Для депрессии характерно быть уверенным в собственной нормальности и внутренней логике, хотя налицо несомненная ненормальность. Об этом говорится в каждой истории, помещенной в книге, с этим я все время сталкиваюсь. Однако форма нормальности каждого человека уникальна: видимо, нормальность гораздо более присуща человеку, чем необычность. Мой знакомый издатель, Билл Штайн, происходит из семьи, в которой часто встречаются и депрессия, и травма. Его отец, родившийся евреем в Германии, уехал из Баварии по бизнес-визе в начале 1938 года. Его дедушку и бабушку в ночь хрустальных ножей, в ноябре 1938 года, выгнали из дома; их самих не арестовали, но они стали свидетелями того, как множество их друзей и соседей отправили в Дахау. Быть евреем в нацистской Германии – страшная травма, и бабушка Билли впала в шестинедельное отчаяние, которое завершилось самоубийством на Рождество. На следующей неделе были готовы выездные визы, но дедушке Билла пришлось эмигрировать одному.

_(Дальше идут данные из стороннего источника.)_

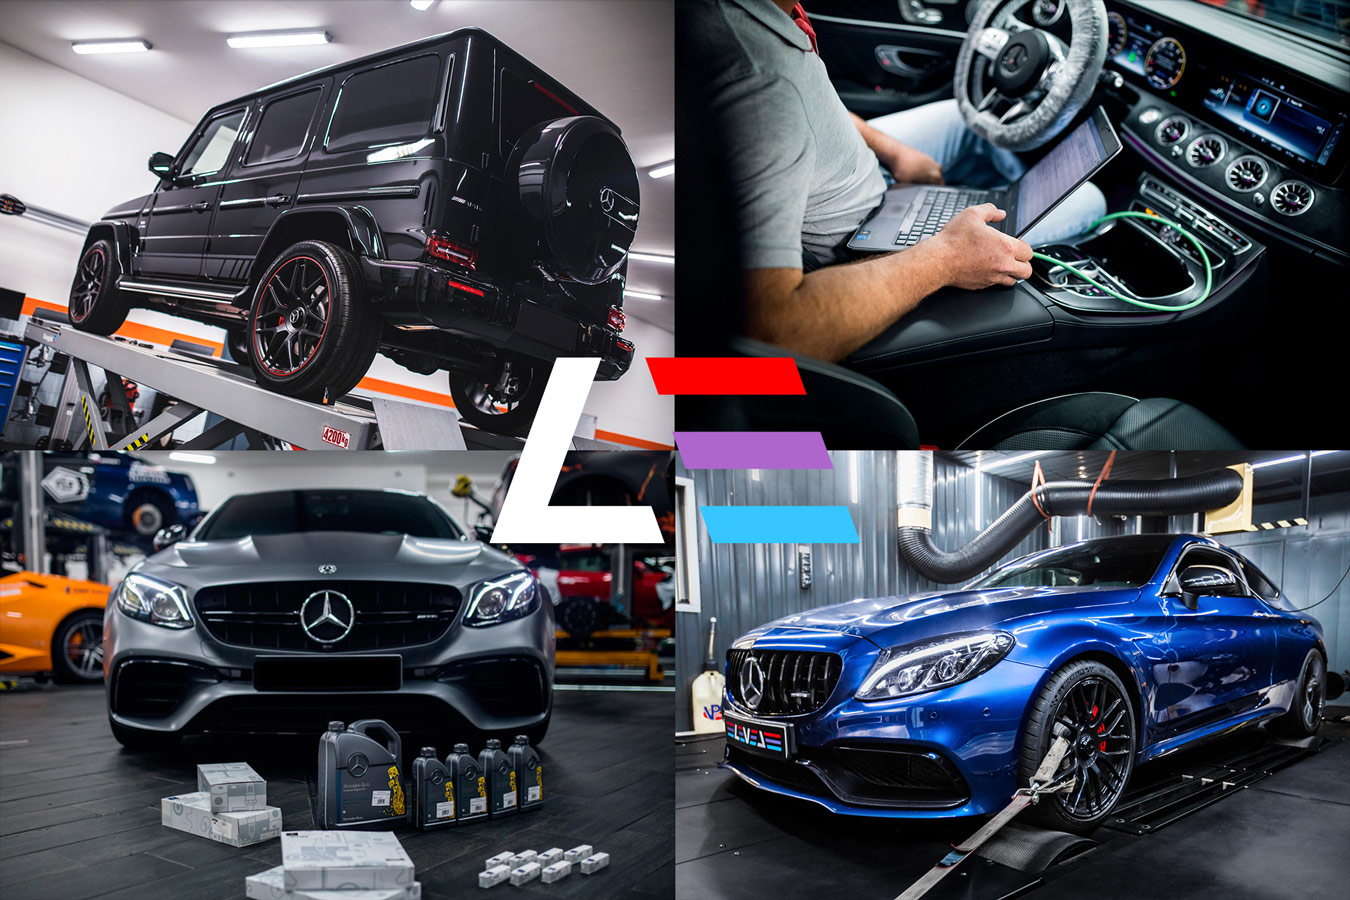 Технические компетенции LEVEL Performance в обслуживании автомобилей марки Mercedes-Benz охватывают все виды работ, кроме кузовного ремонта

Родители Билла поженились в 1939 году в Стокгольме, потом перебрались в Бразилию и в конце концов осели в США. Отец до сих пор не желает говорить о том времени; «немецкого периода, – цитирует его Билл, – просто не было». Супруги жили на привлекательной улице в процветающем пригороде и словно бы в колпаке нереальности. Возможно, именно вследствие отвергания прошлого отец Билла в 57 лет пережил тяжелый срыв и в течение следующих 30 лет, до самой своей смерти, испытывал регулярные рецидивы. Точно такую же депрессию унаследовал от него сын. Первый его срыв случился, когда ему исполнилось пять, и в дальнейшем он регулярно распадался на части, а самая тяжелая депрессия постигла его, когда он учился в шестом классе, и продолжалась до окончания десятого.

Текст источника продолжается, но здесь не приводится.